# Directions:
Repeat nothing but the lines below running from the one containing "Nike One Women's" to the one containing "f2d2393362c9c adidas Originals". Keep both end lines.

# Provided records:

────────────────────

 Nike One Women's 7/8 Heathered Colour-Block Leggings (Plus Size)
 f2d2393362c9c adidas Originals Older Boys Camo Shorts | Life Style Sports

────────────────────

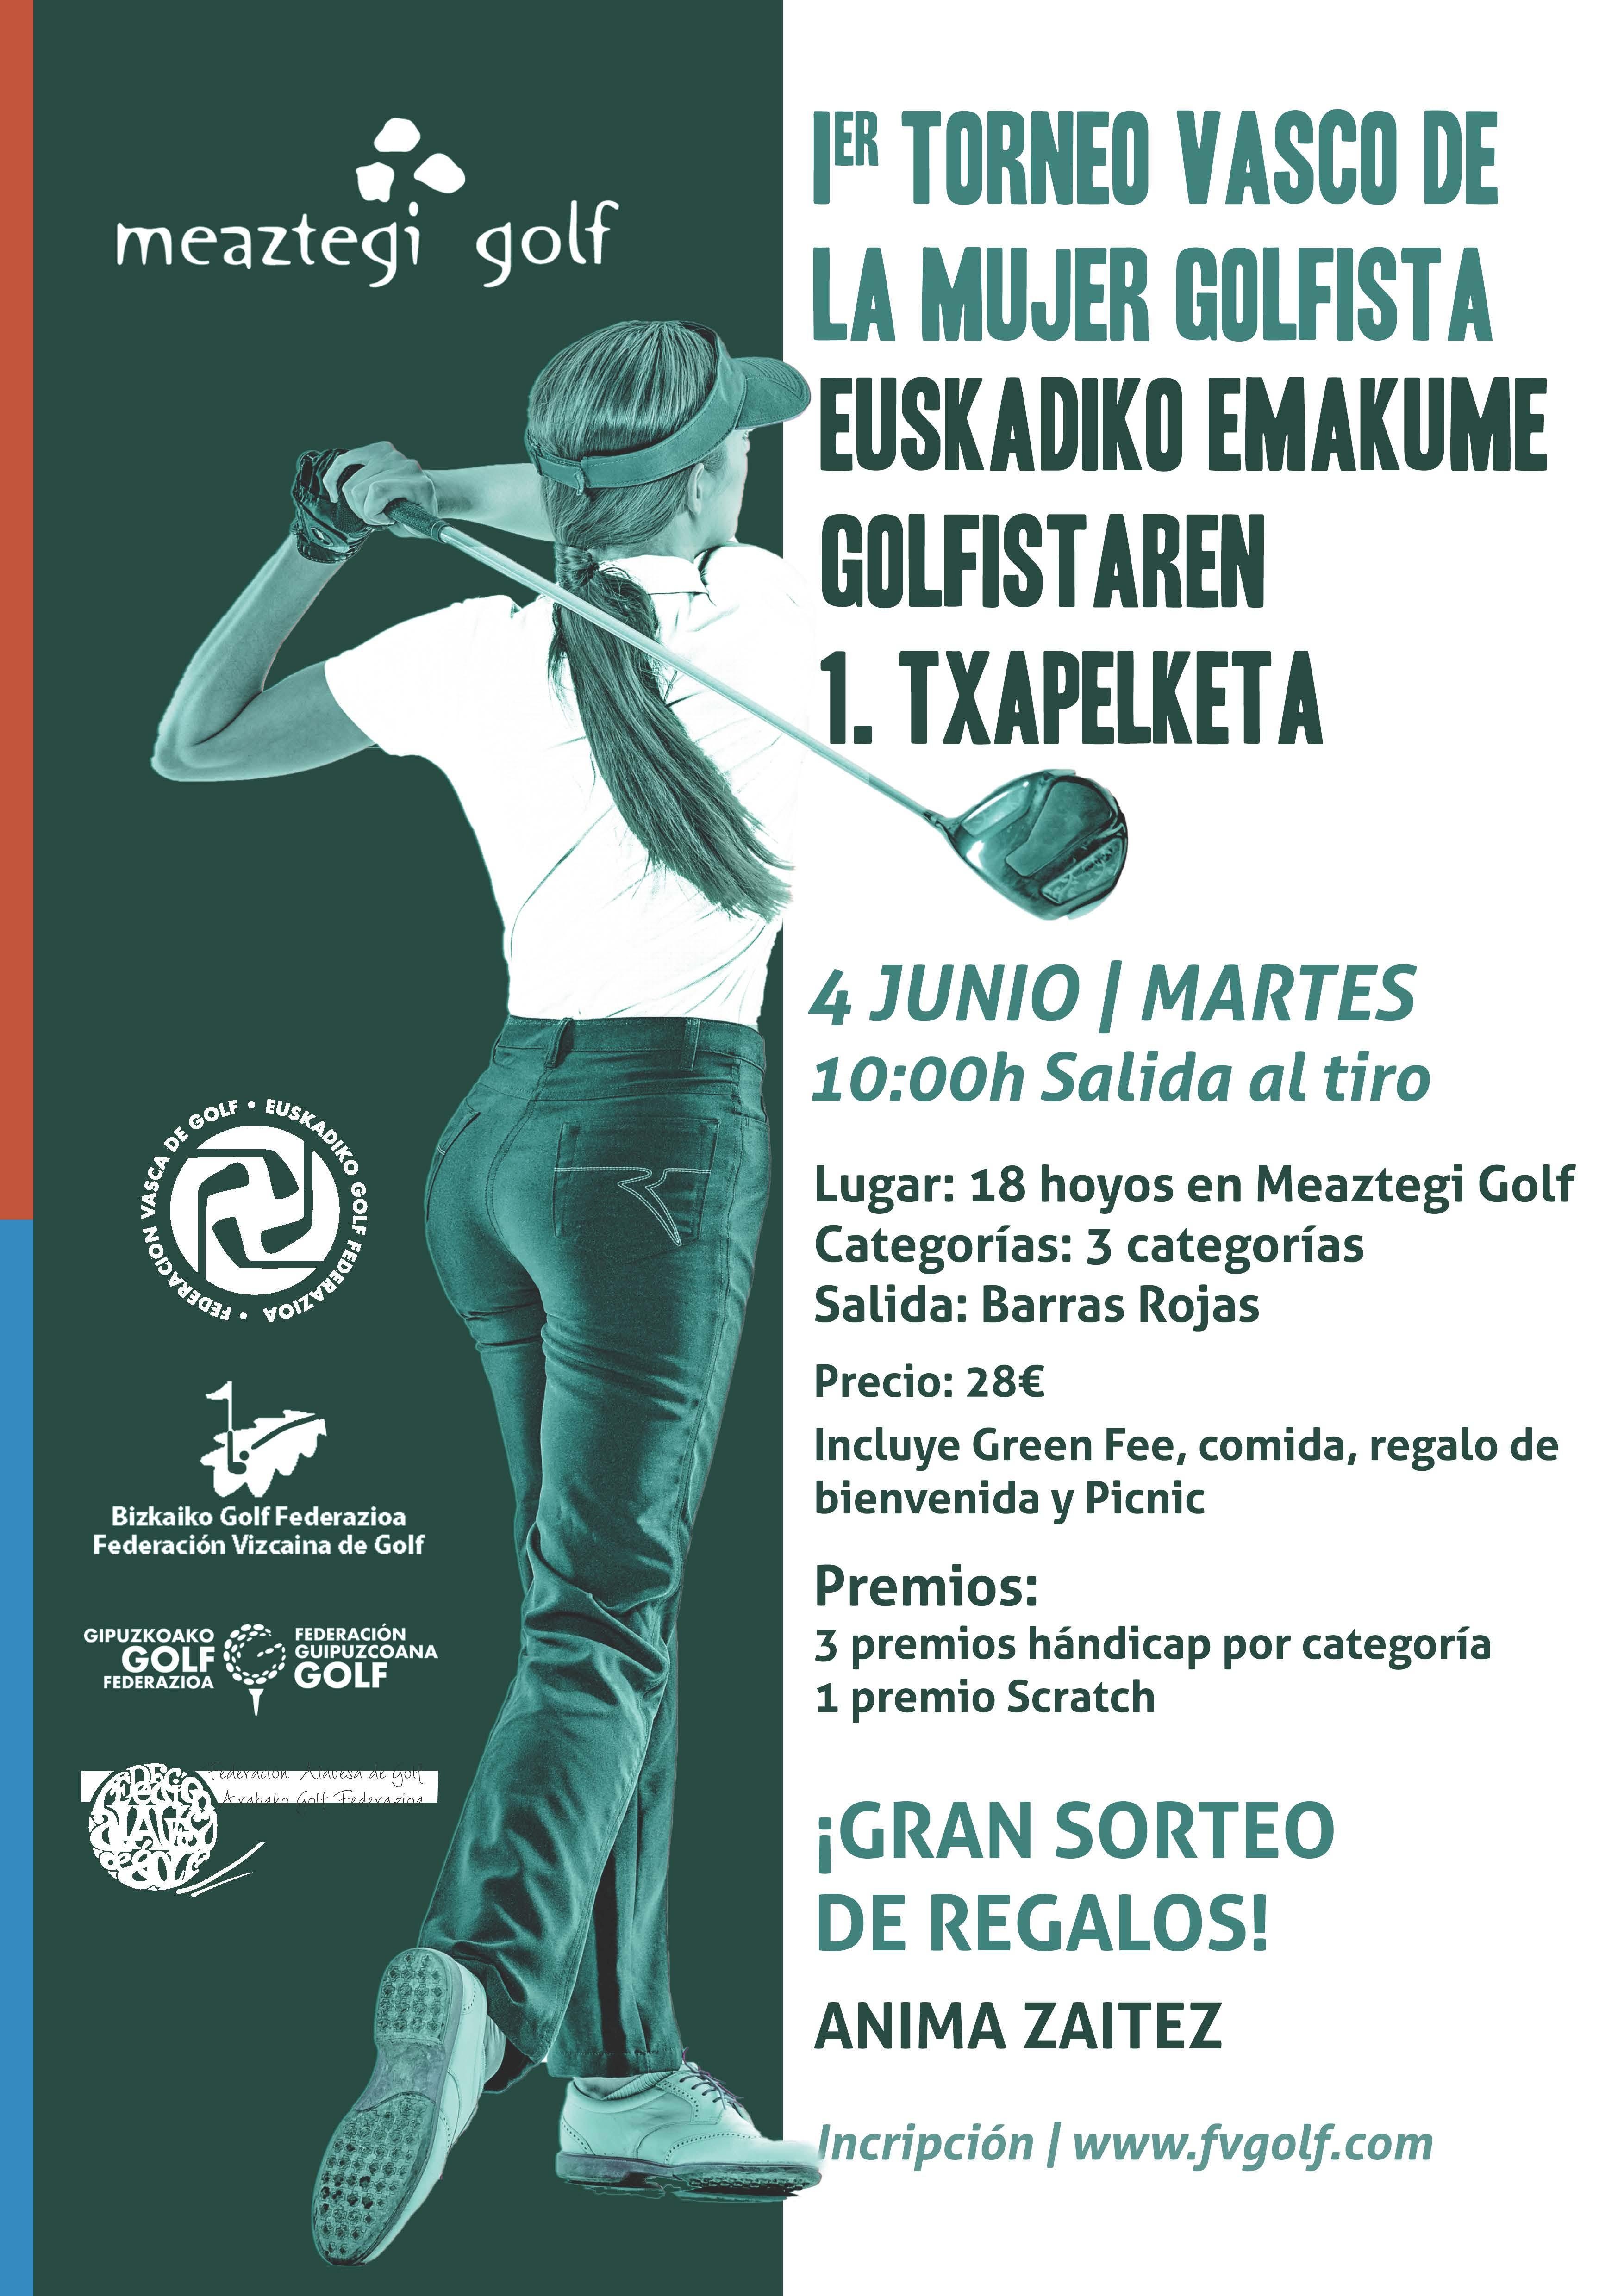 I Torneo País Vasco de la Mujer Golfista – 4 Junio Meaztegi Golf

────────────────────

# Final answer:
 Nike One Women's 7/8 Heathered Colour-Block Leggings (Plus Size)
 f2d2393362c9c adidas Originals Older Boys Camo Shorts | Life Style Sports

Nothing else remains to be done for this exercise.